News Flash
DHAKA, Sept 22, 2025 (BSS) – The Danish embassy in Dhaka today staged an event “Zero Food Waste Lunch” as part of a campaign to minimize food wastage as a 2025 World Bank report suggested more than one-third of all food produced is lost in Bangladesh.
A Danish embassy statement said the event brought together “Bangladeshi influencers and change makers to inspire action and raise awareness against food loss and waste”.
“Every day, an estimated 10,000 tons of food is wasted in Bangladesh,” the statement said referring to different studies.
The statement also referred to a World Bank report saying “up to 34 percent of staple foods such as rice, fish, lentils, and mangoes are lost before they reach the plate, which means lost resources, higher food prices and additional pressure on the planet”.
“Food waste is a matter of lost opportunities. Farmers lose income, families struggle with higher food prices, and our planet bears the cost,” Danish ambassador Christian Brix Møller told the event.
The envoy said the embassy’s “Zero Food Waste Lunch” wanted to show that “sustainability and taste can go hand in hand”.
The embassy’s sector counsellor of Food and Agriculture Maria Stein Knudsen said food loss meat “lost livelihoods, food insecurity for families, and greater pressure on natural resources”.
She said through initiatives like today’s lunch, “we can inspire people to rethink habits and take simple steps that together make a big difference”.

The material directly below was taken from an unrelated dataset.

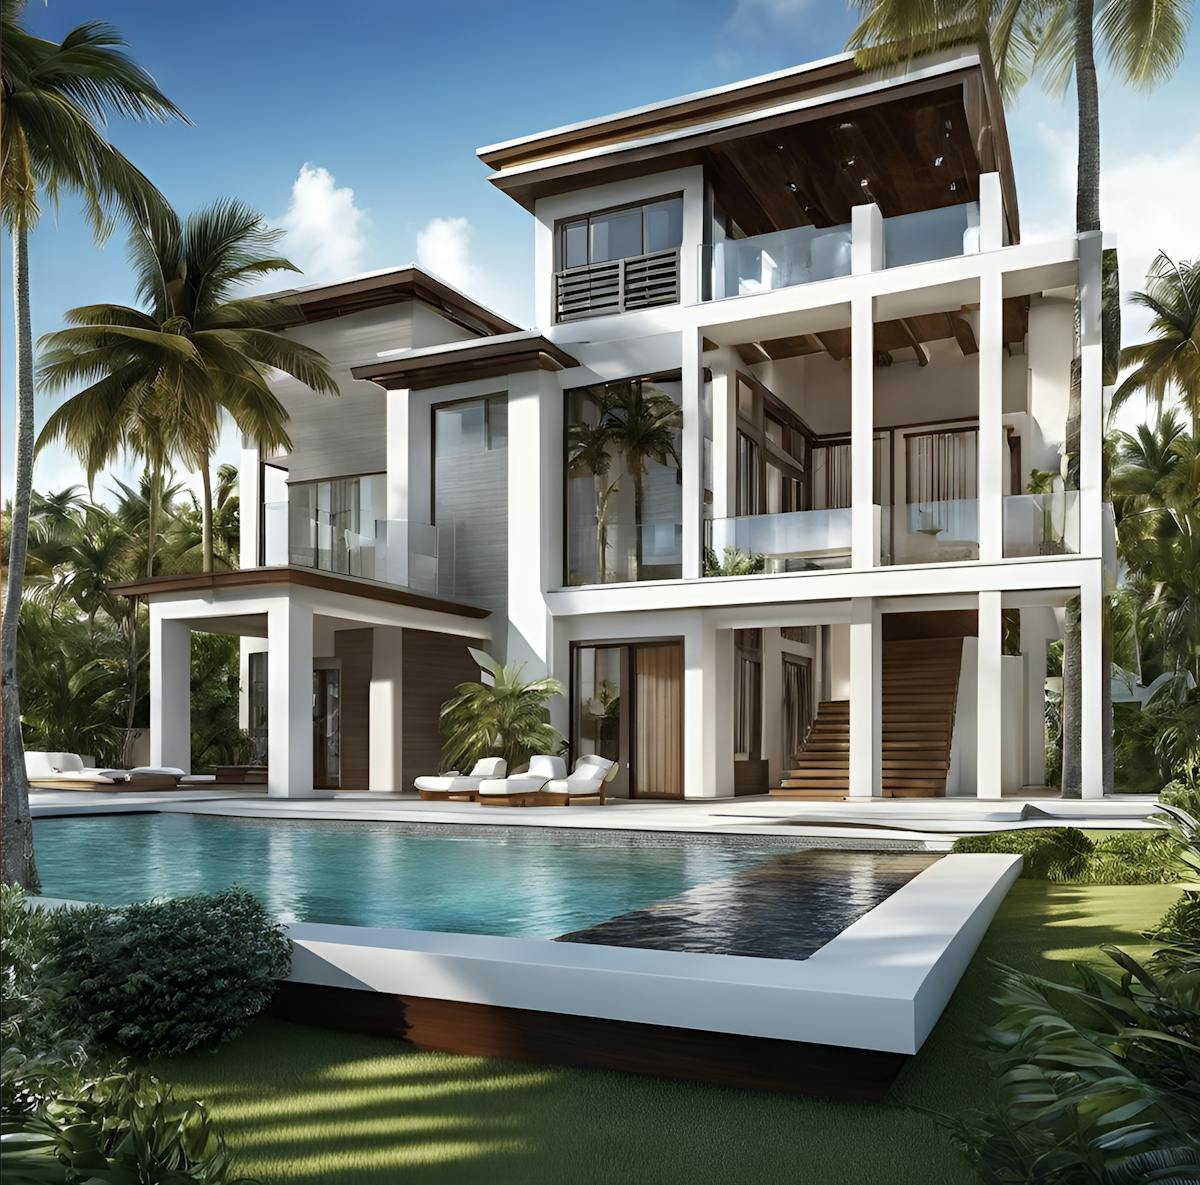 Nassau Bahamas homes for sale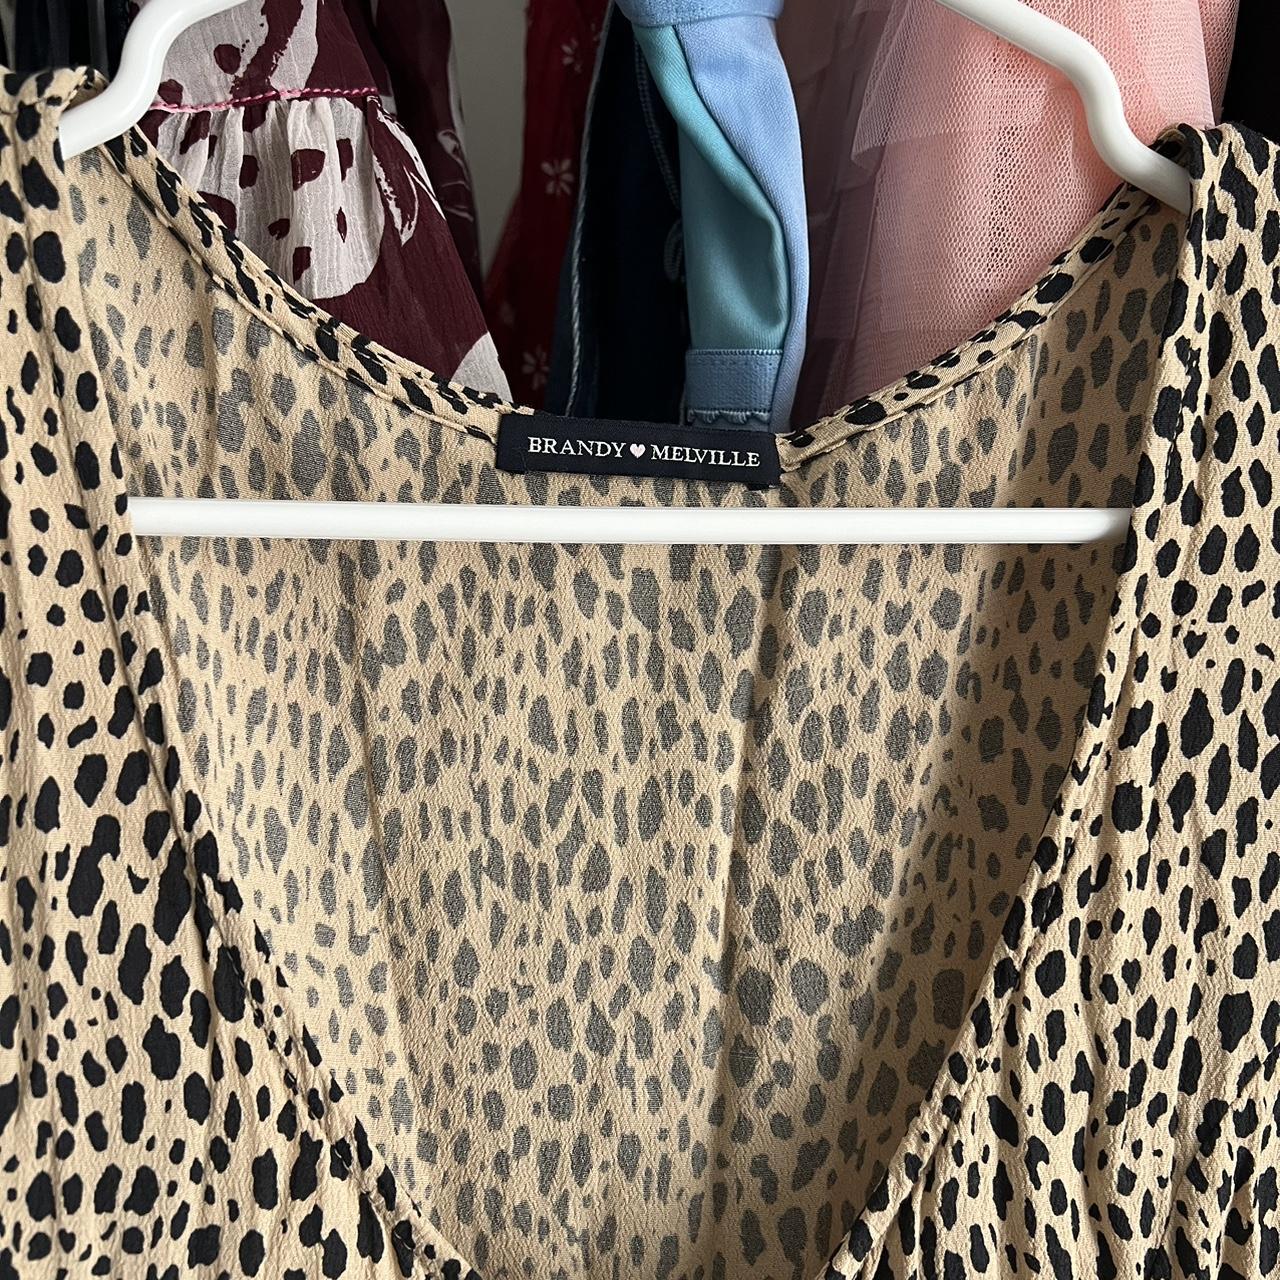 Brandy Melville BRANDY MELVILLE Cheetah Wrap Dress in Size Small

According to the statement the “Zero Food Waste Lunch” is a part of the embassy’s broader SDG Facility, which supported the United Nations Sustainable Development Goals in Bangladesh by engaging local voices, fostering innovation, and building partnerships for sustainable development.
It said one third of all global food products end up as waste instead of providing nutrition, which was made a global challenge of food loss and waste.
The World Bank earlier in June this year said the food loss in Bangladesh was equivalent to over 4 percent of the country’s GDP while it accounted for 13 percent of the country’s greenhouse gas emissions.
According to the World Bank the food loss simultaneously reduces the productivity of a quarter of Bangladesh’s arable land.
The Bretton Woods institution report on food wastage said “in a region (South Asia) where millions still face hunger and malnutrition, it is concerning that it (the region) also loses a significant share of its food before it ever reaches the plate”.
“Over 30% of all food in the region is lost or wasted each year, which is enough to feed nearly 300 million people. From farm to fork, food loss and waste undermine nutrition, hurt farmers’ incomes, fuel climate change, and strain both economies and ecosystems,” the World Bank report read.